I have always had the desire to be a "Natural Mama". I am not exactly sure how most people would define that but i do what my definition is. I wanted to be the mom who exclusively breastfeeds, uses cloth diapers, makes her own baby food, carries her baby in a sling, and provides all the love a nutrition her baby needs.
When i had Phabian i just knew the motherhood would be just like it was in the movies. I would have my baby and then he would instantly latch on to the breast. I would feel this instant bond and we would love each other so deeply that nothing could come between us. I was naive to the fact that nothing about being a mother is easy. Everything is hard and takes time. It doesn't always go exactly as we want it to. Nor is it ever "perfect".
The day i had Phabian i remember the nurses asking me if i wanted to breastfeed. I excitedly told them yes and they handed him over (after he had already been taken away to be cleaned and weighted) and i happily placed him up to the breast. He didn't seem interested but i was persistent. Finally he opened his mouth and i pushed the nipple in. It hurt and then i was told he wasn't latched on right.
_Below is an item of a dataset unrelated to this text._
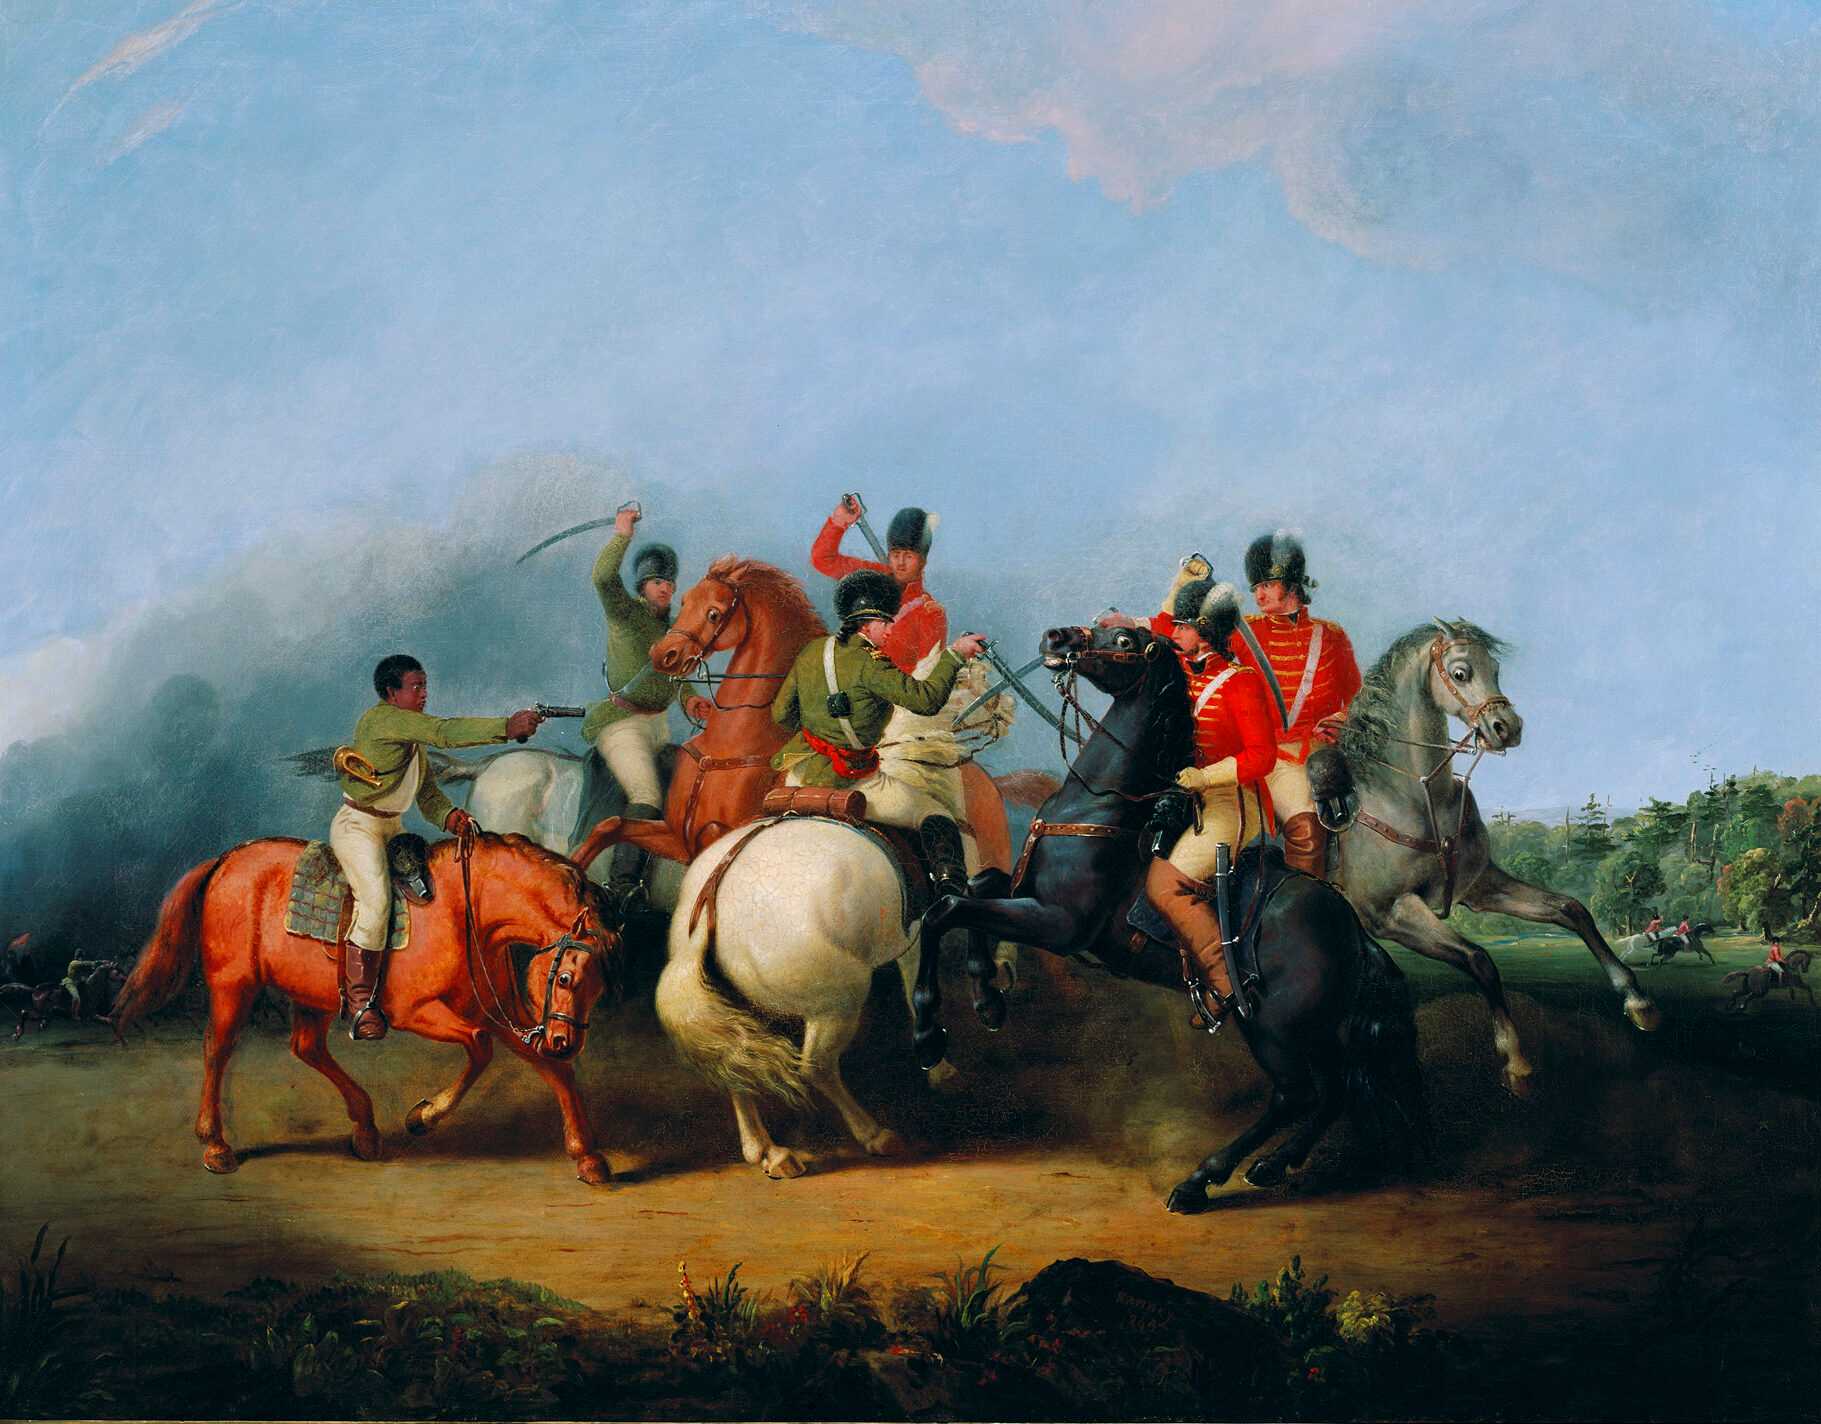 The Battle of Cowpens, painted by William Ranney in 1845
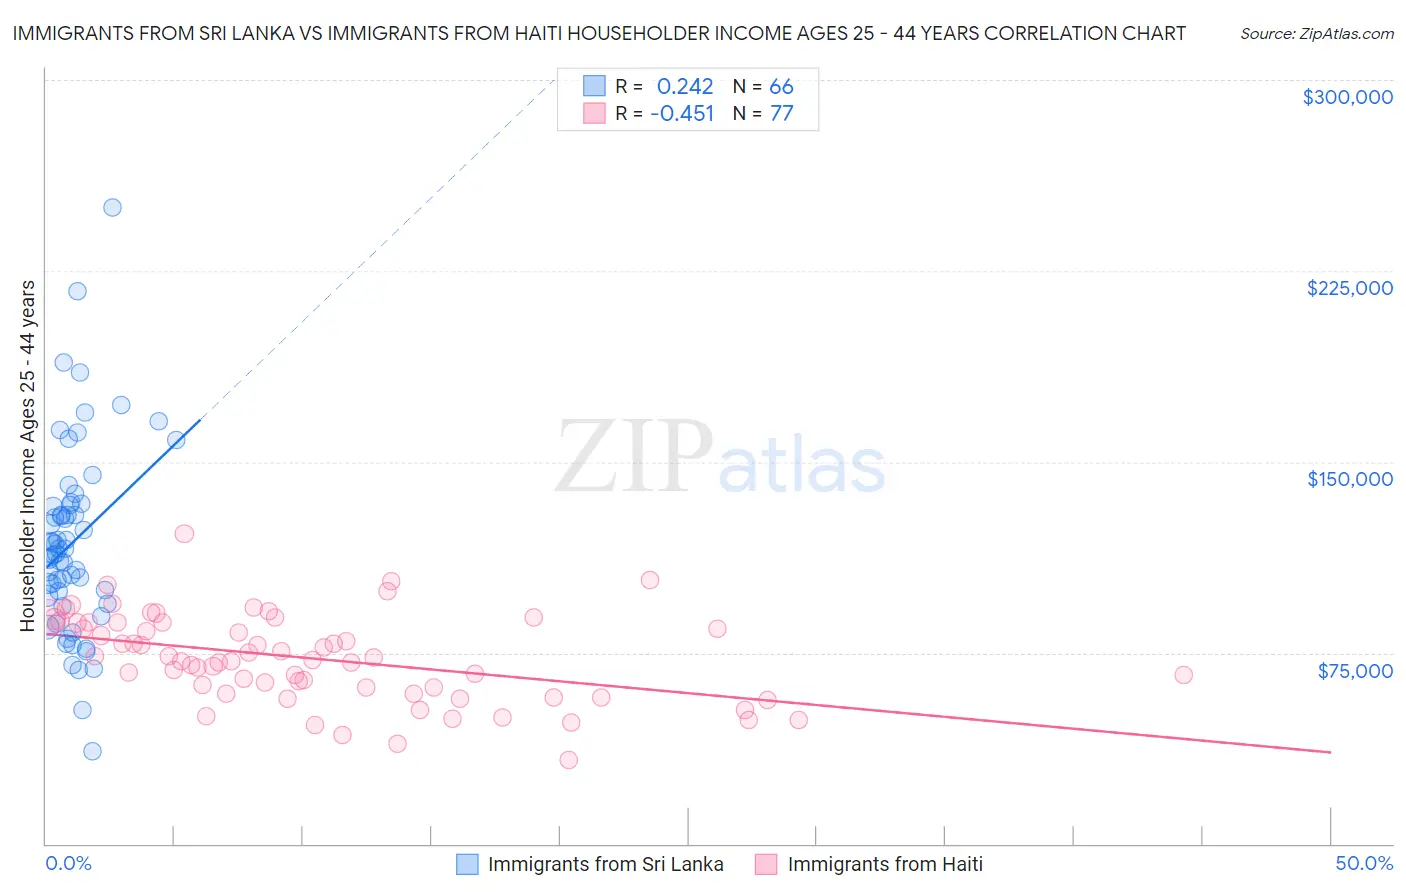 Immigrants from Sri Lanka vs Immigrants from Haiti Householder Income Ages 25 - 44 years

Over the next 2 days we tried over and over again. I was becoming angry with the fact that i couldn't get this right. That something about me wasn't right with me and that i couldn't figure this whole "natural" thing out. Finally they brought me a pump and i managed to pump enough for him to drink. I felt better that at least he was getting something. I later found out that the nurse in the Nursery had given him a bottle which made me so angry i could have spit nails.
Once we got home i continued to try and work on our latch and also pumped to make sure he was getting milk. We did this for 6 weeks. In that period Phabian maybe latched on correctly 1 time. I remember it like it was yesterday. It was about 3 in the morning and my husband was working a night shift. I was so tired and i just wanted Phabian to go back to sleep. I laid him beside me in my bed and tried (in my half asleep state) to get the boob in his mouth. He latched on perfectly and nursed for 20 minutes before falling into a milk induced coma. The next morning i awoke excited to try again. Alas it seemed it was a fluke that could not be duplicated.
That was about week 3 and i could feel that something wasn't right with me. I wasn't feeling right. At times i didn't want to even hold Phabian much less try and feed him. I felt like a cow when i would go into a cold dark room to attach the pump to my breast. More than anything i felt like a failure. Why couldn't i get my baby to latch on? Why couldn't i produce the nutrition he needed? Everyone knows you can't build a bond bottle feeding! These are all things i thought day after day.
I remember the day that it all hit rock bottom. I was holding Phabian in my arms while begging my husband not to go to work. I was in tears screaming for him not to go, not to leave me alone again. As he walked out the door i collapsed on the floor and cried with Phabian in my arms. I cried for a long time. I didn't understand why i as crying or what was going on. I didn't understand why i was having these feelings. It couldn't be PPD (Post Partum Depression) because ever cause of that i had heard about involved the mother wanting to harm her baby and i didn't want to hurt him. When i finally got up off the floor, i fed him a bottle of breast milk, changed his diaper, and we both laid down for a nap.
It wasn't until later when i stopped pumping, when i stopped pressuring myself to be perfect, when i realized that sometimes things just don't go the way we want them to, i realized that i was suffering PPD. I understood that i needed to ask for help. And so i did. I told my best friend and my husband. I needed a break. I needed a night of rest. I needed to stop pumping and stop pressuring myself. I needed to be happy.
It was a long journey and a hard one. I learned a lot of lessons and realized that nothing, not even motherhood. is ever going to be perfect. I am an ok mama. I love my kids. I provide them nutrition. I give them shelter. I give them love. It may not be from my breast, it may not be from other more "natural" ways, but what does natural mean anyways.
There is nothing more natural and organic than a mothers love!